### [THE PROBLEM]
Retype, exactly as they appear below, the lines between the line holding "نصّ اتّفاق النار" and the line holding "Wesele Krakowskie z Bibic", both ends included.

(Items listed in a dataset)
* * * * * * * * *
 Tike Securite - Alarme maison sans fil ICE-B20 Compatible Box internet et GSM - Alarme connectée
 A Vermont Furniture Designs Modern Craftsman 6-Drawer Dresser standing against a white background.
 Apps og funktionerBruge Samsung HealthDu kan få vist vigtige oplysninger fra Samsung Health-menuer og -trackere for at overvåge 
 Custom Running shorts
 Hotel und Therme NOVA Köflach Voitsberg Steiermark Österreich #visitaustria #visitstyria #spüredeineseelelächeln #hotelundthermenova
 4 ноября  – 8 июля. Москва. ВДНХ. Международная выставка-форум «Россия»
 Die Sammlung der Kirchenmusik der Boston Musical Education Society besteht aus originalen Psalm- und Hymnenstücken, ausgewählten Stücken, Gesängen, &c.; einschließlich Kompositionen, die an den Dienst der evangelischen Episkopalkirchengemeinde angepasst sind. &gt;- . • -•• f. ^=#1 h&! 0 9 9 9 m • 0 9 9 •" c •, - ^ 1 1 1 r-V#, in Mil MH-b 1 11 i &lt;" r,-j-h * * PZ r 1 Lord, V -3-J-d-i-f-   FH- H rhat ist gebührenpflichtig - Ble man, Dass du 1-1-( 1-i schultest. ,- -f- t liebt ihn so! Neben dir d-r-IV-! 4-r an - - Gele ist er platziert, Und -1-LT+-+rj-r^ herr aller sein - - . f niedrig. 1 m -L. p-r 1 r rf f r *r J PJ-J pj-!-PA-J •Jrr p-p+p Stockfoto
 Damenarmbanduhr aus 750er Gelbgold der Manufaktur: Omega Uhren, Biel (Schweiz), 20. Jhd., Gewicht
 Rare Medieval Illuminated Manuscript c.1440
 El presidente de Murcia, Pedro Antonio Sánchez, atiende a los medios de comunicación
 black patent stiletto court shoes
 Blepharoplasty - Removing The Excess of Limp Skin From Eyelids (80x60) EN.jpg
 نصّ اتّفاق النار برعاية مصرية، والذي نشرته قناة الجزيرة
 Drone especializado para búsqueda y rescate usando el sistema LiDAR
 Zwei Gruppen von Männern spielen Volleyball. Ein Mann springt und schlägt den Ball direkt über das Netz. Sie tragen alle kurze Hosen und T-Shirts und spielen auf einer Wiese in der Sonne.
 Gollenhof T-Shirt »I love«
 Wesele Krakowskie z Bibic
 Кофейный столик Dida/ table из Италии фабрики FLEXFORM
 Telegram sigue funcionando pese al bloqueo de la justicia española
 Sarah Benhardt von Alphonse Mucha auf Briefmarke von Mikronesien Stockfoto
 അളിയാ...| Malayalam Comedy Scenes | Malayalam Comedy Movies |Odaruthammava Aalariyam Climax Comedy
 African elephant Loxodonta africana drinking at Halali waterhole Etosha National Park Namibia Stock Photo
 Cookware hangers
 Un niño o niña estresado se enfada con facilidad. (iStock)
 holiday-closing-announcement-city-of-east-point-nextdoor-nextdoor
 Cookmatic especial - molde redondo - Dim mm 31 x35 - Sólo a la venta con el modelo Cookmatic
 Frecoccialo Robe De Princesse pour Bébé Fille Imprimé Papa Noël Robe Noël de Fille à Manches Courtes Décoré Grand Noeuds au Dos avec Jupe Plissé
* * * * * * * * *
### [RESPONSE TO THIS TASK]
 نصّ اتّفاق النار برعاية مصرية، والذي نشرته قناة الجزيرة
 Drone especializado para búsqueda y rescate usando el sistema LiDAR
 Zwei Gruppen von Männern spielen Volleyball. Ein Mann springt und schlägt den Ball direkt über das Netz. Sie tragen alle kurze Hosen und T-Shirts und spielen auf einer Wiese in der Sonne.
 Gollenhof T-Shirt »I love«
 Wesele Krakowskie z Bibic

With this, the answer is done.